→ **MATERIAL PROVIDED**:
•••
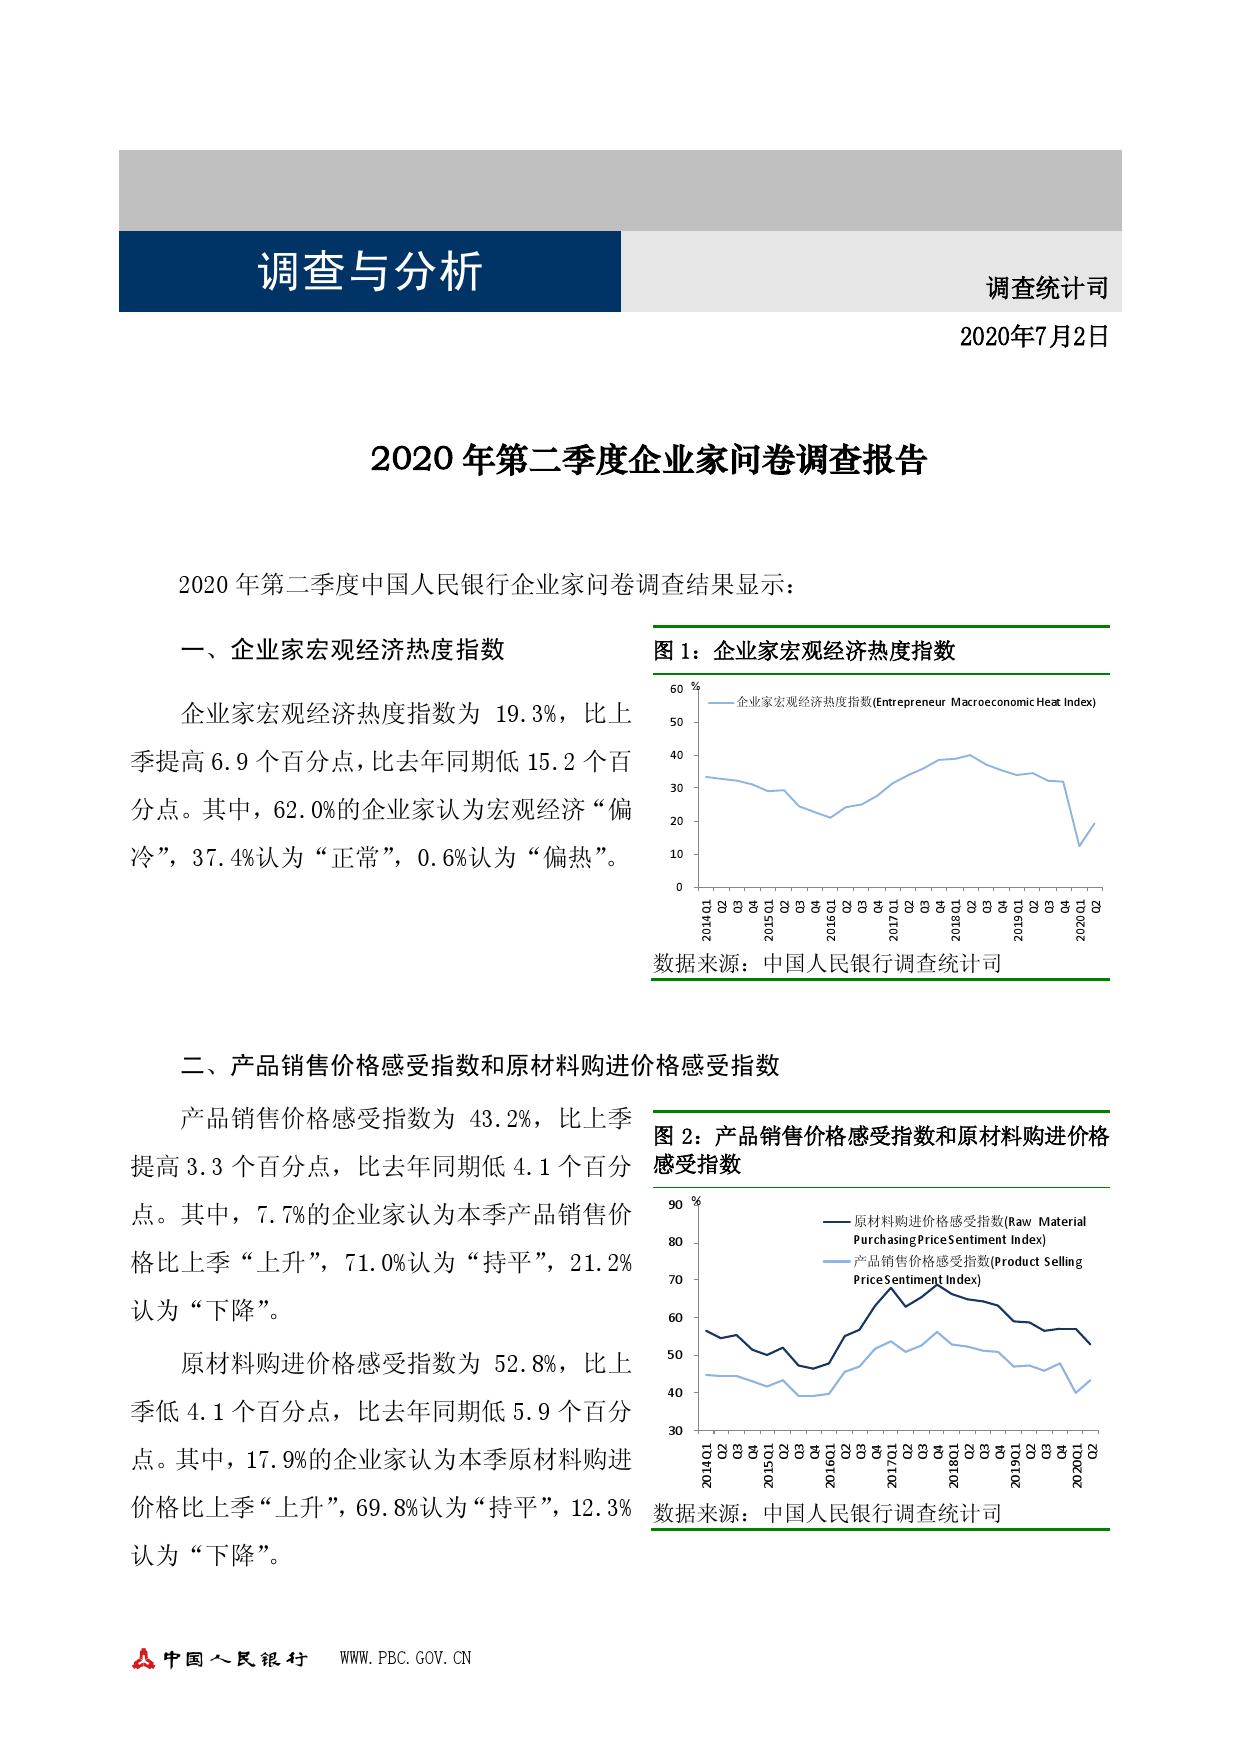 中国人民银行:2020 年第二季度企业家问卷调查报告
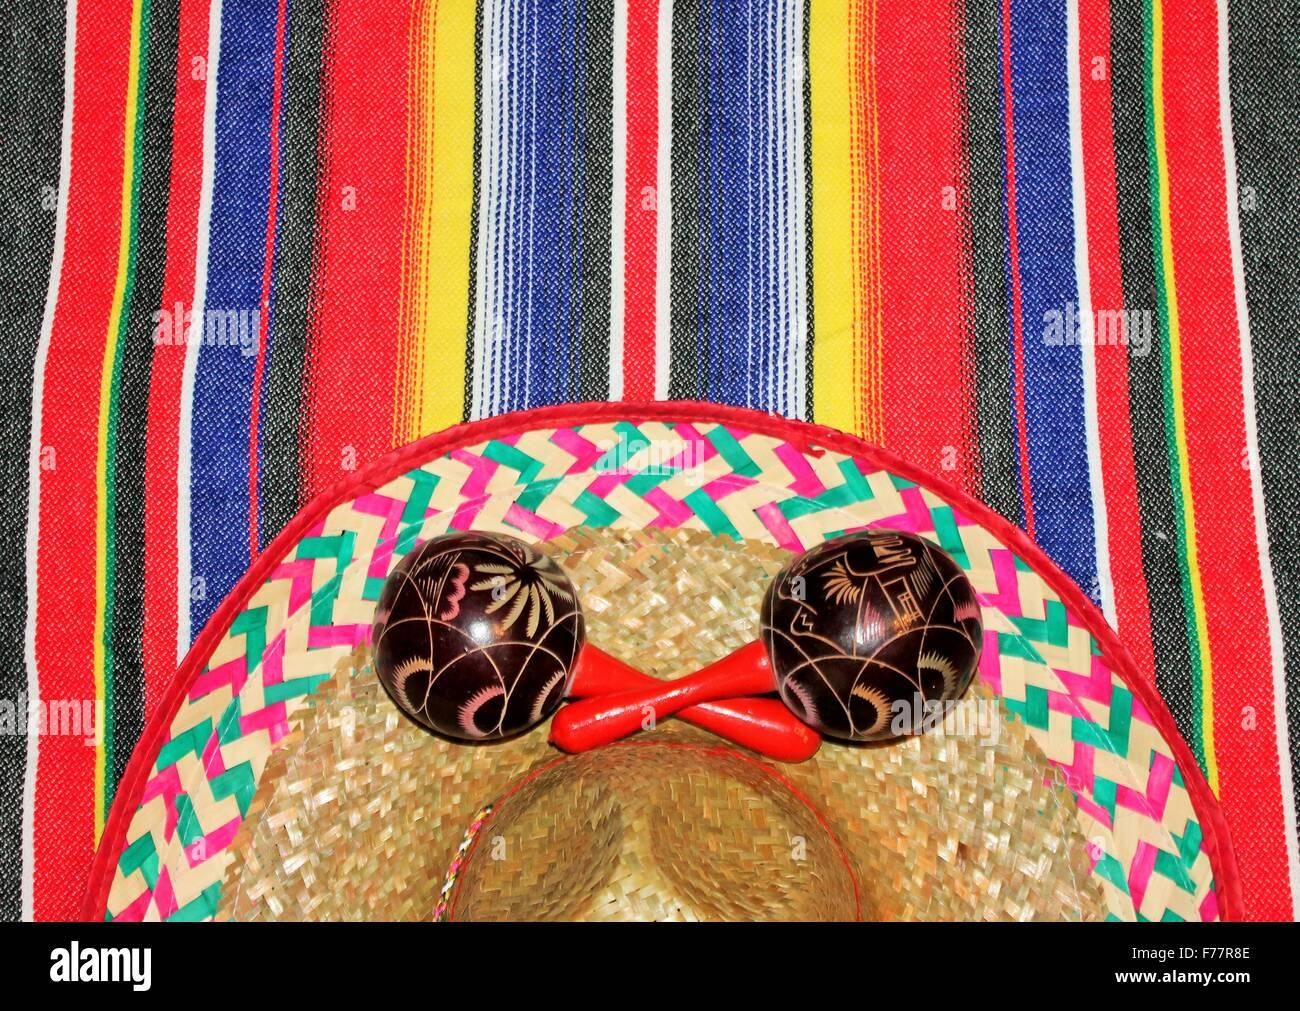 Fiesta del Poncho Poncho banda serape maracas sombrero antecedentes Imagen  De Stock 7ea8468cc79
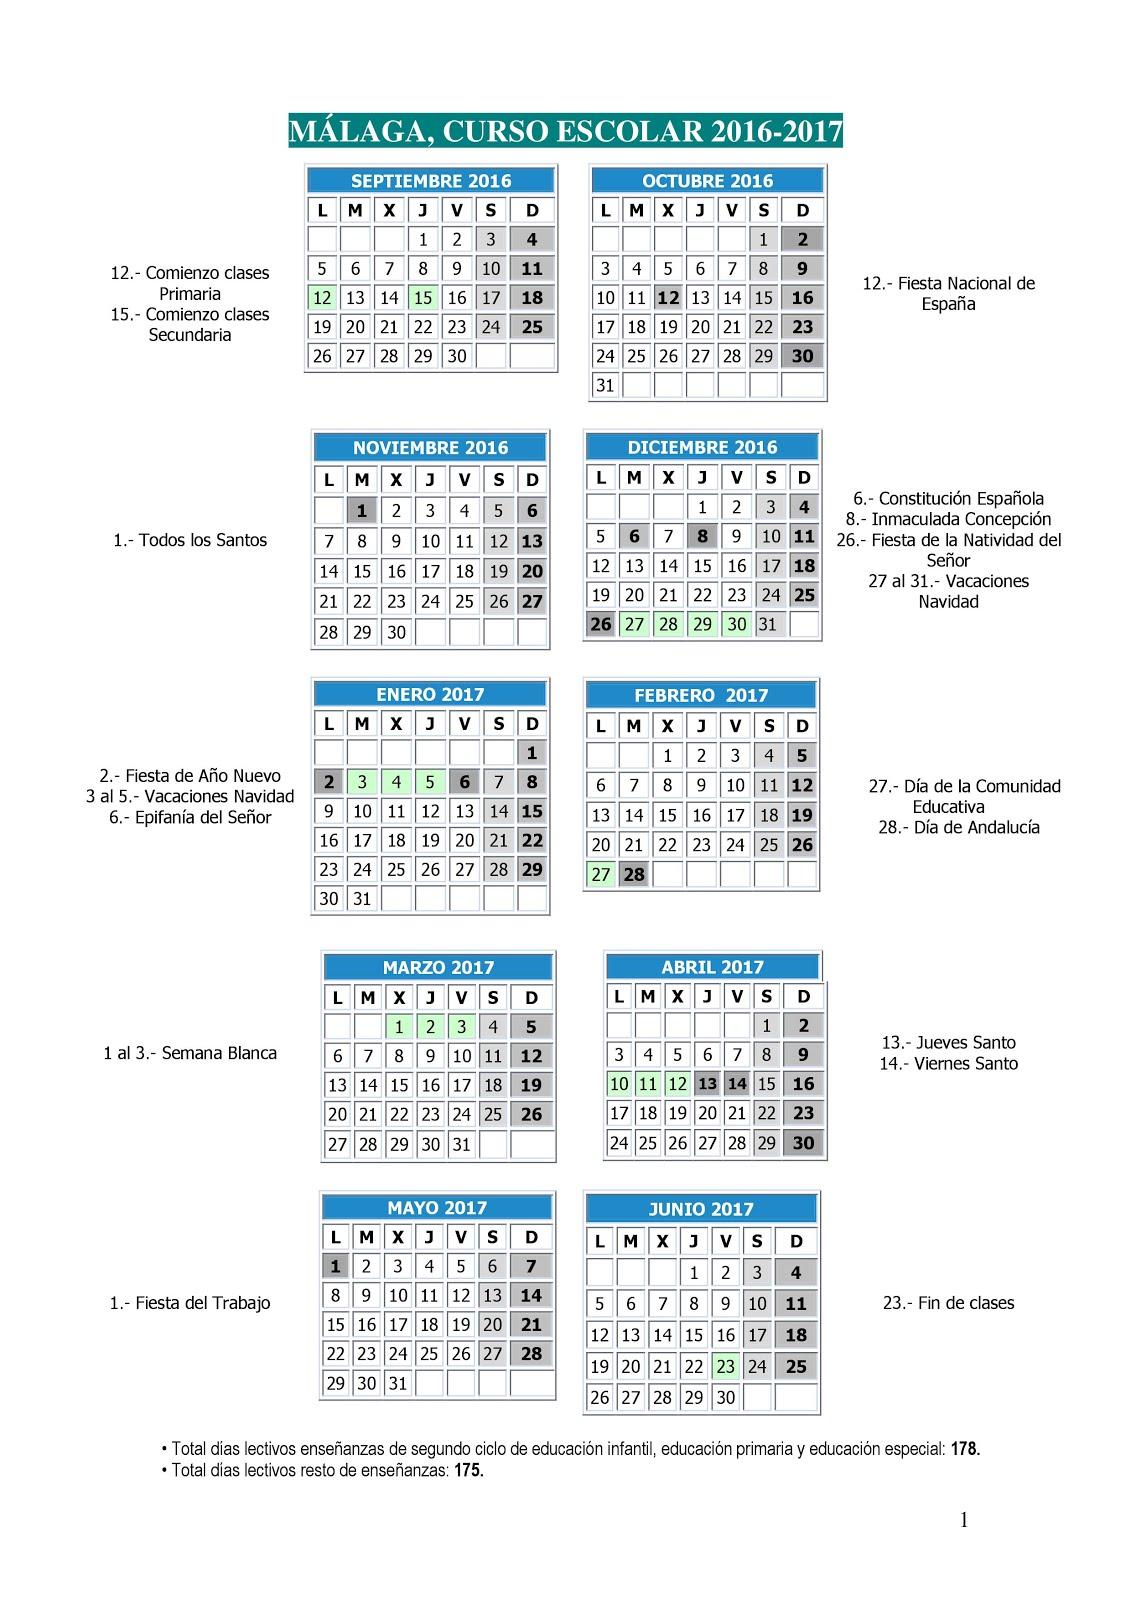 CALENDARIO CURSO 16-17 MALAGA
•••
→ **WHAT IS EXPECTED**: Starting with the line that holds "Fiesta del Poncho", reproduce exactly each line up to and including the last line of the material above, and drop the pictures.

→ **PROBLEM SOLUTION**:
 Fiesta del Poncho Poncho banda serape maracas sombrero antecedentes Imagen  De Stock 7ea8468cc79
 CALENDARIO CURSO 16-17 MALAGA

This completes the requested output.